▶ **Assignment**
Repeat the lines below exactly as written, please, from the line with "Here Or There?" to the line with "Gianni Versace Versus", both lines included, and no others.

====== Source data

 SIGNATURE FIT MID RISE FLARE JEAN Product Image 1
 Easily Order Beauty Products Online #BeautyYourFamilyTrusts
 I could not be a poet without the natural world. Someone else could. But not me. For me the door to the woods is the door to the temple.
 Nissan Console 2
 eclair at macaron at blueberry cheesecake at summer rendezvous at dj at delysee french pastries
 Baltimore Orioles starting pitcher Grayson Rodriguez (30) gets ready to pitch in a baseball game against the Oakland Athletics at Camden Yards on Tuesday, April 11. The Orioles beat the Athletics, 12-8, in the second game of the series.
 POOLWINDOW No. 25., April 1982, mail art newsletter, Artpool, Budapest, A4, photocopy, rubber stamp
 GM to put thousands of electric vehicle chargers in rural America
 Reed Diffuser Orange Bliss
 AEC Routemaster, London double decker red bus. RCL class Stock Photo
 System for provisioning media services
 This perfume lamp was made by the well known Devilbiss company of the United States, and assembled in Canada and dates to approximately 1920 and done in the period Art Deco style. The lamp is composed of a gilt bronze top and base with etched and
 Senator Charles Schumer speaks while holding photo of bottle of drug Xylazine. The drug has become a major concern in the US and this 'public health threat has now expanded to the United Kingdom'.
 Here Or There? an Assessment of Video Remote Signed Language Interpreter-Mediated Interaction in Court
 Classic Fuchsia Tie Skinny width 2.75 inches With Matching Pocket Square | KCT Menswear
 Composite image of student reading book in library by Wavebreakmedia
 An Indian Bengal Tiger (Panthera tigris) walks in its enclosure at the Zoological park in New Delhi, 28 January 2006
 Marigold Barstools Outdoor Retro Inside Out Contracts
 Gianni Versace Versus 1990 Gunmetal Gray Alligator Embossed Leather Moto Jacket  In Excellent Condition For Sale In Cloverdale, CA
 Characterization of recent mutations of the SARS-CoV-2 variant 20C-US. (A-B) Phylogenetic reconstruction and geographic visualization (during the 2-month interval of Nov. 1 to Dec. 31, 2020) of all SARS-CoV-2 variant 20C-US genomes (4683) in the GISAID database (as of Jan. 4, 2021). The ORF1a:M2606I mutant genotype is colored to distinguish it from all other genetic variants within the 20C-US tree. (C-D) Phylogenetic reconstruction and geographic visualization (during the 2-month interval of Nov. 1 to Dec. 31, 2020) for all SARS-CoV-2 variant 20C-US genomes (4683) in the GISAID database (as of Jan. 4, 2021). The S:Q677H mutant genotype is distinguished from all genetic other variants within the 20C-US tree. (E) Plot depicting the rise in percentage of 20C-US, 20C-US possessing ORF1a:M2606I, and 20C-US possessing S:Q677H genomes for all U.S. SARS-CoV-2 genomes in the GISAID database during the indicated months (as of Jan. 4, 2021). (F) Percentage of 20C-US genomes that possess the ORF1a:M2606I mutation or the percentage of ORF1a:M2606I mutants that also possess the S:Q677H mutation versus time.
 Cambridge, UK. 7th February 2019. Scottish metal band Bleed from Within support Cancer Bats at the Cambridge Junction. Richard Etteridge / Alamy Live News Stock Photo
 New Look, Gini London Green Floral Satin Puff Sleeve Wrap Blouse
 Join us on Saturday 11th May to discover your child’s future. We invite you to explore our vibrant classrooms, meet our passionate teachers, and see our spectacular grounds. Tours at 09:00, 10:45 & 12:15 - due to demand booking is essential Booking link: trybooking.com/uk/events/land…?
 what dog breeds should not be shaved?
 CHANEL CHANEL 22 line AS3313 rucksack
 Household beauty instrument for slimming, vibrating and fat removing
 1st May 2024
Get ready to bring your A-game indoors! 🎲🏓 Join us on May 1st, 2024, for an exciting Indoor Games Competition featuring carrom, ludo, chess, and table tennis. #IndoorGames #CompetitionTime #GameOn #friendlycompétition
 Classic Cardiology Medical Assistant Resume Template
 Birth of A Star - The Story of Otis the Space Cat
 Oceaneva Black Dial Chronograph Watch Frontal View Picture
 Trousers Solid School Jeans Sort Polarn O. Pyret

============

▶ **Expected answer**
 Here Or There? an Assessment of Video Remote Signed Language Interpreter-Mediated Interaction in Court
 Classic Fuchsia Tie Skinny width 2.75 inches With Matching Pocket Square | KCT Menswear
 Composite image of student reading book in library by Wavebreakmedia
 An Indian Bengal Tiger (Panthera tigris) walks in its enclosure at the Zoological park in New Delhi, 28 January 2006
 Marigold Barstools Outdoor Retro Inside Out Contracts
 Gianni Versace Versus 1990 Gunmetal Gray Alligator Embossed Leather Moto Jacket  In Excellent Condition For Sale In Cloverdale, CA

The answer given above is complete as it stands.